Requin Tigre-1 was the fourth of a four well drilling programme which featured Yaakar-1, Hipoccampe-1, and Lamantin-1. This particular well was targeted at finding gas, and extending the 15-25Tcf Tortue play.

The well drilled to a total depth of 5,200 meters and was designed to evaluate Cenomanian and Albian reservoirs in a structural-stratigraphic trap, charged from an underlying Neocomian-Valanginian source kitchen. “Post-well analysis is currently ongoing to determine the reasons it was unsuccessful”, Kosmos lamented.

The four prospects are all located in combination strat/structural plays, with Cenomanian-Turonian and Albian oil source kitchen “with increased probability for liquids”.

But Yaakar-1 was the only one that was successful and even then, what it encountered was gas, which wasn’t the primary objective.
Kosmos had encountered tanker loads of natural gas in the Northwest African margin and was hoping to find oil in prospects located outboard of these gas tanks.

Hippocampe-1, drilled in approximately 2,600 meters of water in Block C-8, offshore Mauritania, “encountered well-developed reservoirs in both exploration targets but these proved to be water bearing”. Kosmos’ earth scientists believe that this prospect failed due to a lack of charge access in this part of the play fairway.

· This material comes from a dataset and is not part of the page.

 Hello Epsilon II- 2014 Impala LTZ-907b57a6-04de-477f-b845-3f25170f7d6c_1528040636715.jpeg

Lamantin-1 also came up water wet. Located in Block C-12 offshore Mauritania in approximately 2,200 meters of water, it was drilled to a total depth of 5,150 meters and was designed to evaluate a previously untested Lower Campanian base of slope fan supplied from the Nouakchott River system, trapped in a combination structural-stratigraphic feature, and charged from underlying, oil-prone Cenomanian/Turonian and Albian source rocks. But the Campanian reservoir objective was water bearing with some residual hydrocarbons due to, Kosmos believes, “a lack of trap, related to a combination of up-dip sand pinch-out and top / base seal effectiveness”.

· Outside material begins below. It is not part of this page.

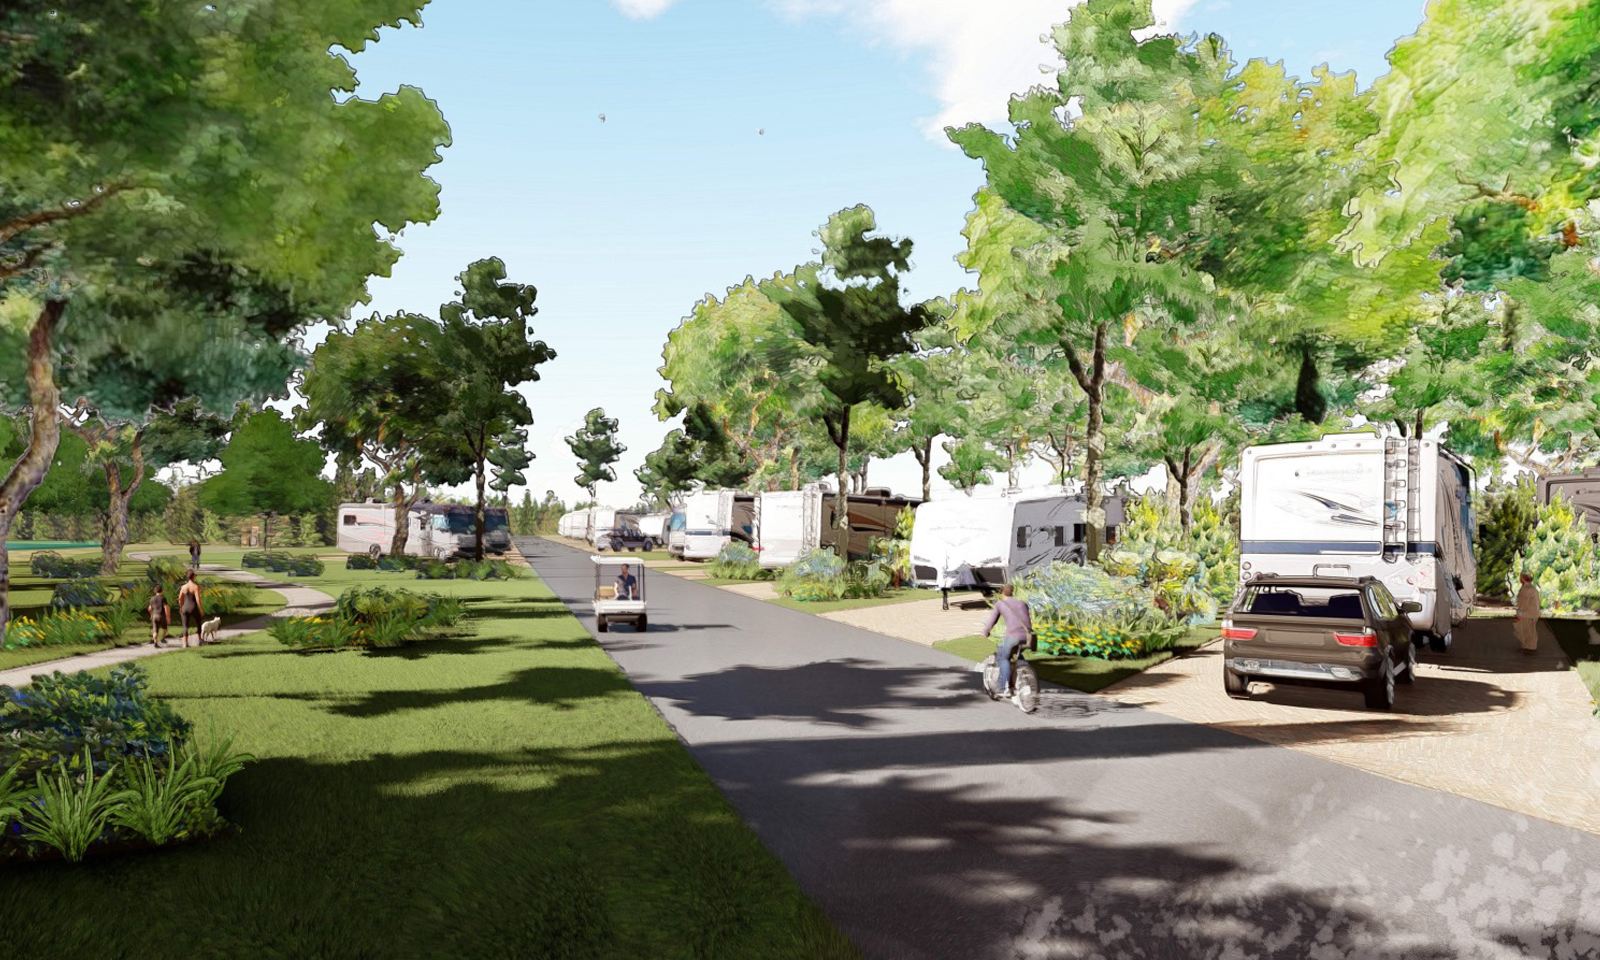 Hilton Head National RV Resort rendering

Kosmos, a passionate exploration company, looks on the bright side: “With each exploration well drilled, we deepen our understanding of this newly emerging basin, further refining our geologic model and geophysical tools. Requin Tigre was the last well in our second phase of exploration of the deepwater Cretaceous petroleum systems offshore Mauritania and Senegal targeting large basin floor fan structures.

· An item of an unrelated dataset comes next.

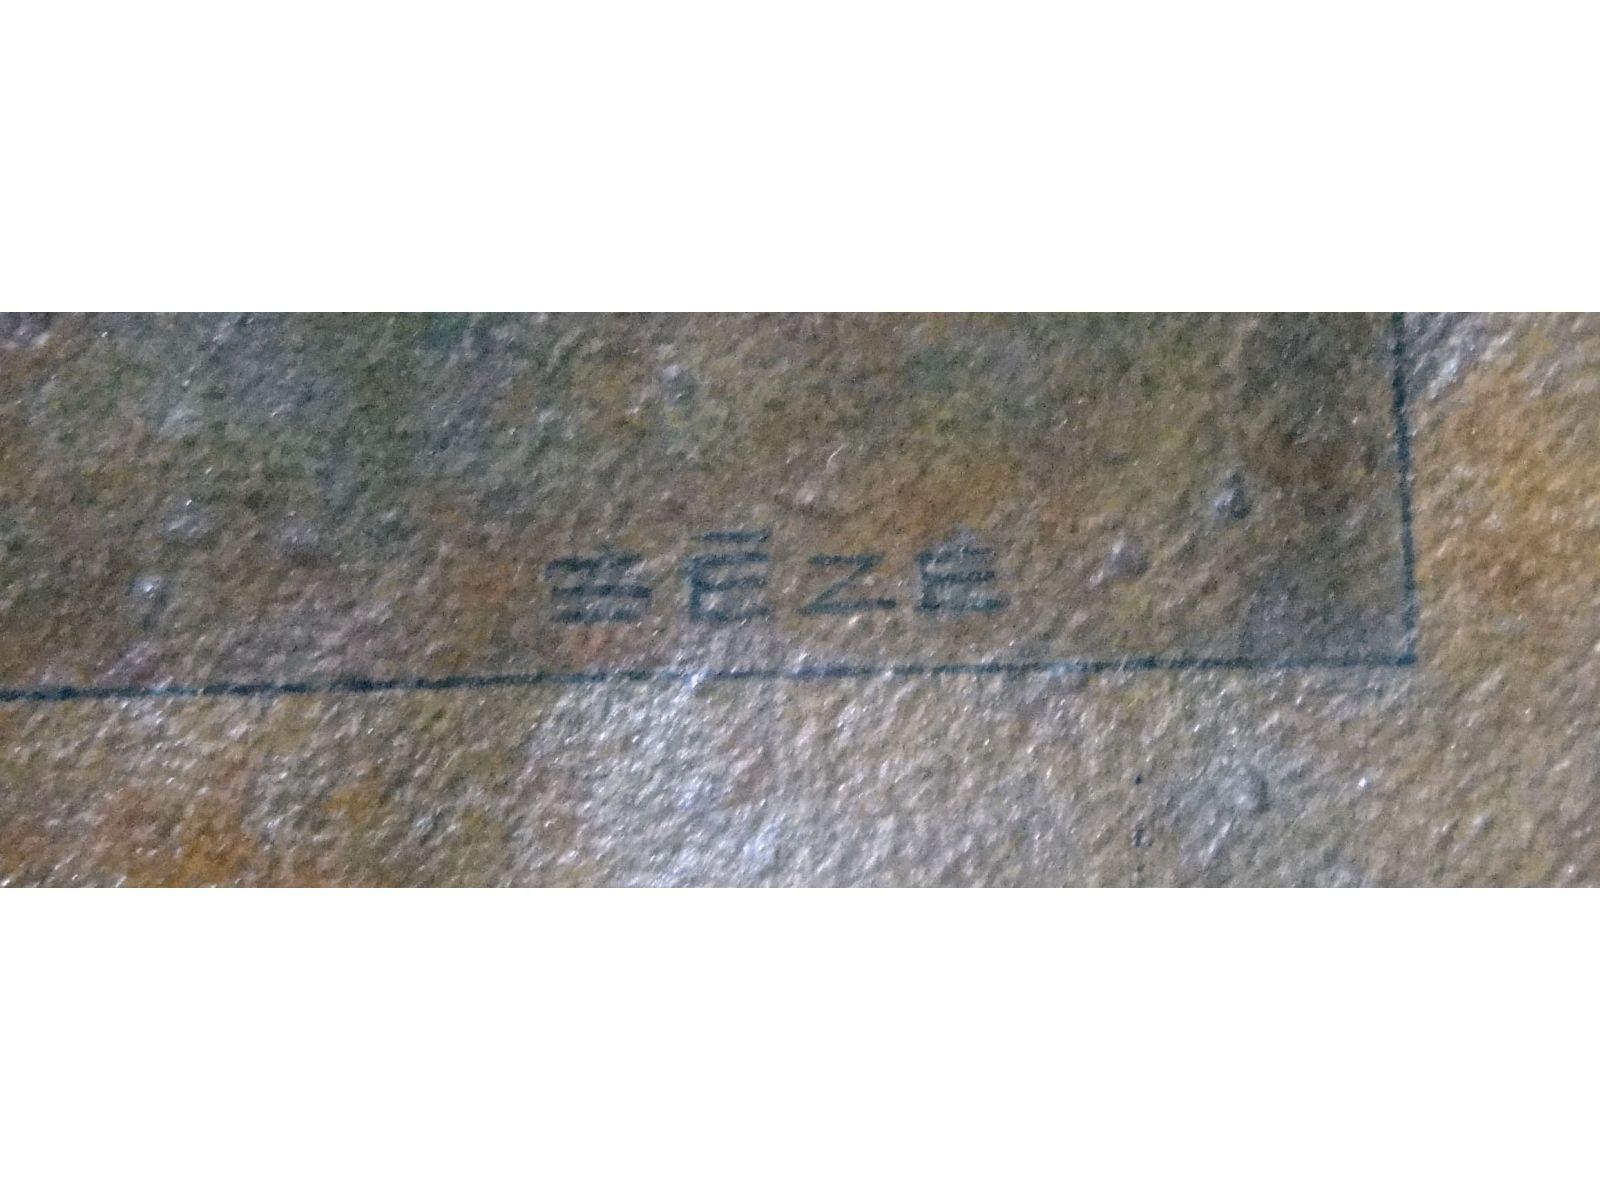 DSC04490.JPG (1600×1200)

We have delivered one success (Yakaar) in four wells in this second phase programme, following three successes in three wells (Tortue, Marsouin, Teranga) in the first phase programme targeting inboard structures on the slope. Overall we have discovered gross resource of 40 trillion cubic feet, at a net cost of $0.20 per barrel of oil equivalent benefiting from the partner carry, and have created the potential for two world scale LNG hubs. We will rigorously evaluate our large inventory of prospects across Mauritania and Senegal ahead of the next phase of exploration offshore the two countries.”